Notably, like the late, great Power Trip, with whom the band were friends, Gatecreeper’s energised, street-smart heaviness is finding favour with plenty of people who otherwise would give death metal the big swerve, doing for it a similar thing to what Turnstile have for hardcore.
An example: a couple of years ago, Chase got a call from an old pal. He’d been playing Gatecreeper to a friend, a music guy he’d been working for, who was into Power Trip and some other metal bands. He was apparently really into what he heard. He’s going to be coming through Arizona soon, Chase’s mate said, so wanna hang out? Oh, the friend’s name is Post Malone.
“I was like, ‘Fuck yeah!’” recalls Chase today. “The first time I met him we were backstage playing beer pong. He was doing it with beer and I had cups of water. But other times I’ve met up with him, it was like hanging out with friends that I’ve known for a long time that are really into music, recommending bands, pulling albums up on our phones. He’s a genuine person who’s genuinely into music and doing his thing. He’s cool. He’s a good guy.”
In fact, the loveable biro-faced rap king dug Gatecreeper so much he invited them to come and play his Posty Fest bash last year. “I’m sure a lot of people saw our name for the first time on that flyer and were like, ‘What is this?’” laughs Chase.
In the event, the whole thing was cancelled due to COVID. But the very fact it was down to happen underlines exactly what Gatecreeper are doing. Their name would have been the only one on the poster to also have shared stages with Dying Fetus, Incantation and Carcass, but it’s also easy to see such a fixture working.

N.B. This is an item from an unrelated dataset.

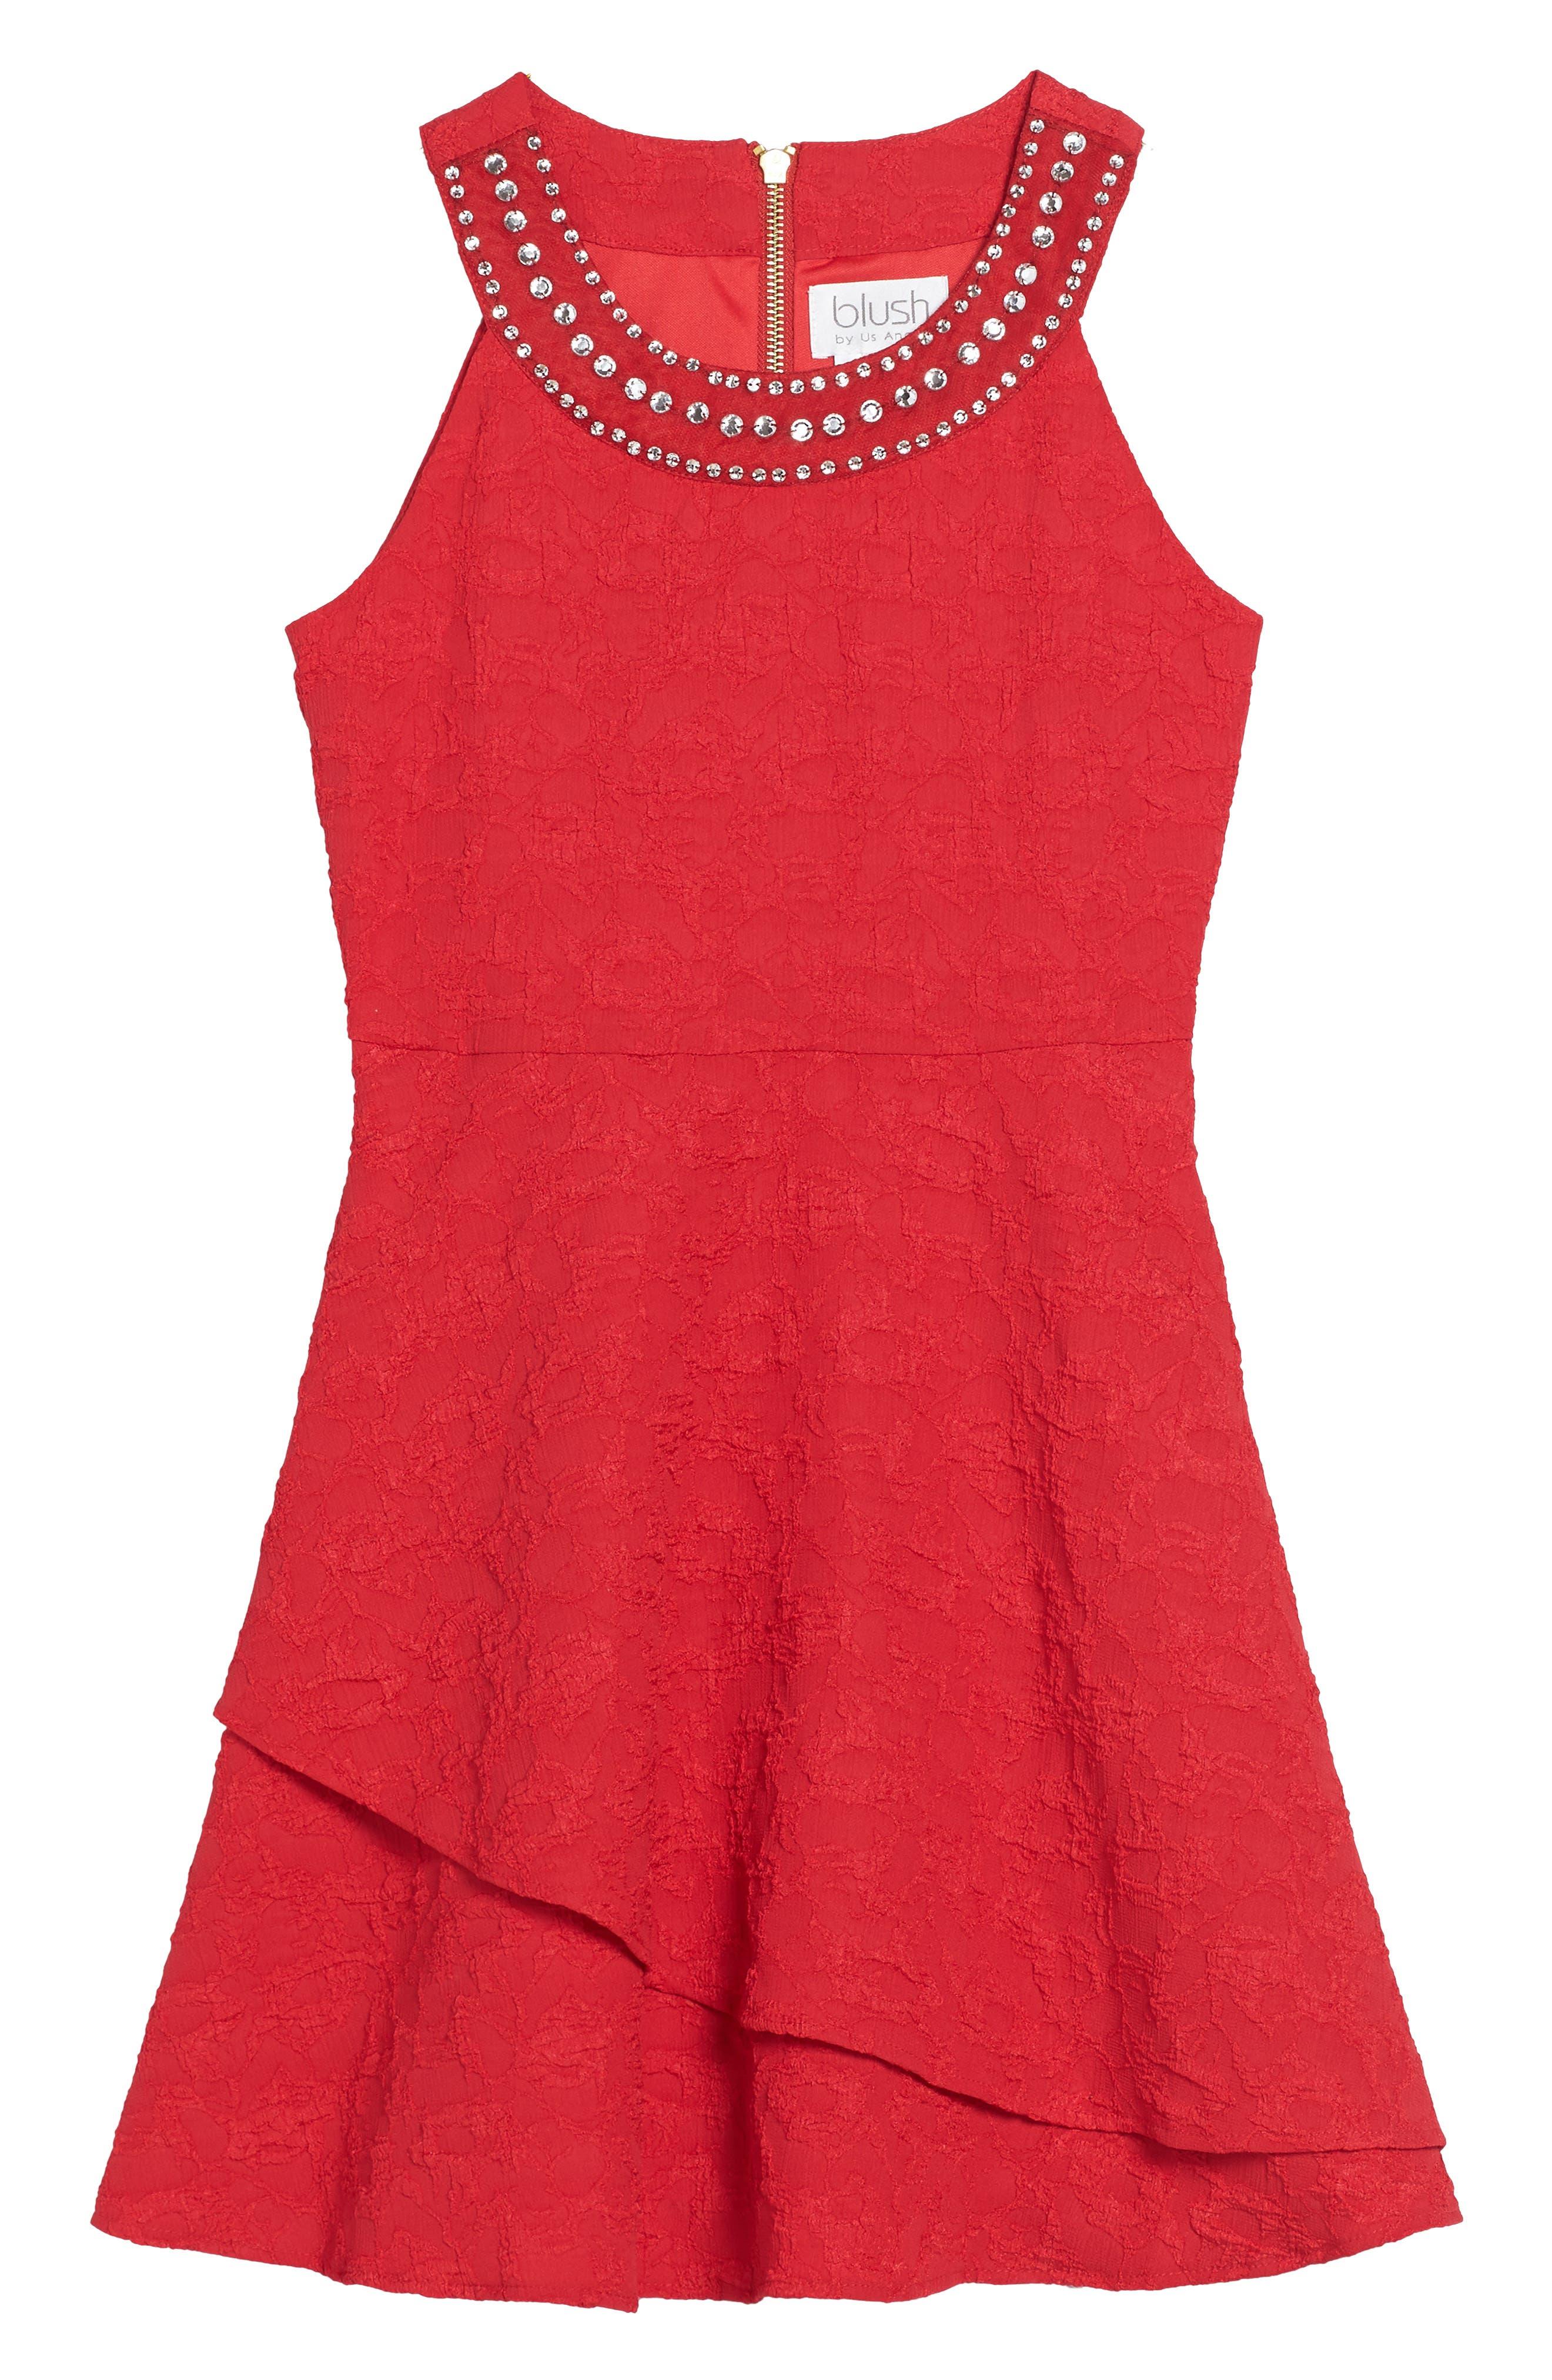 BLUSH by Us Angels Jewel Neck Fit & Flare Dress (Big Girls)
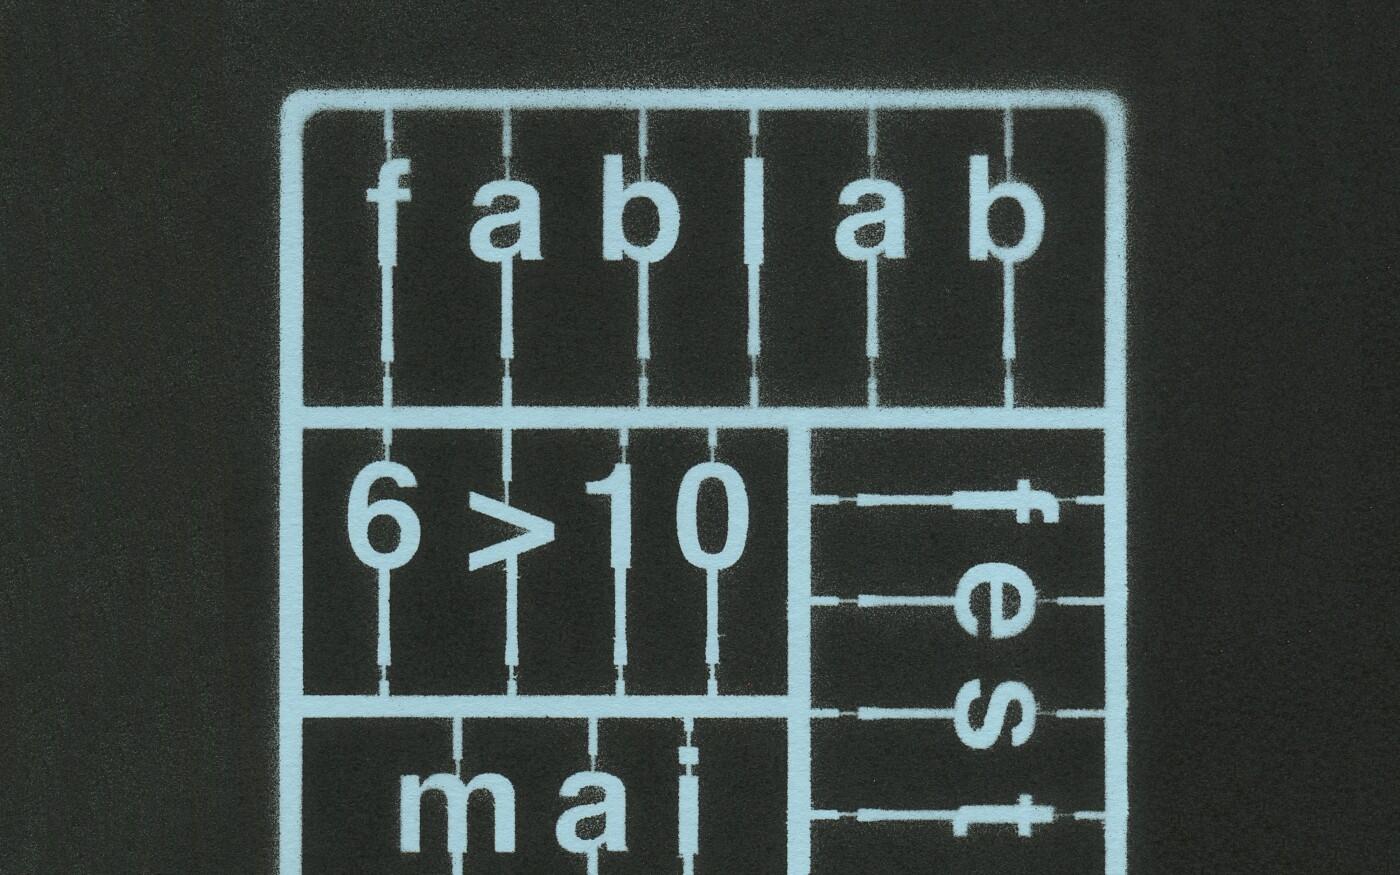 Atelier Fablab Festival

“If we get to be the entry point for someone to be like, ‘I’ve never heard a death metal band, but now I’m going to check out Morbid Angel,’ then that’s cool,” he grins. “I’m definitely not gonna be mad about it – it’s awesome!
“I remember discovering this kind of music myself,” Chase continues. “My dad was pretty up on technology – we got the internet pretty early on – so I’d spend time finding albums online, you know, illegally. You’d see Black Dahlia Murder referencing At The Gates, and that’s how I checked out [ATG classic responsible for most metalcore bands’ riffs] Slaughter Of The Soul. That was my entryway into going deep into all that old Swedish stuff.
“If someone hears us and has a similar thing,” he finishes with a proud beam, “then our job is done.”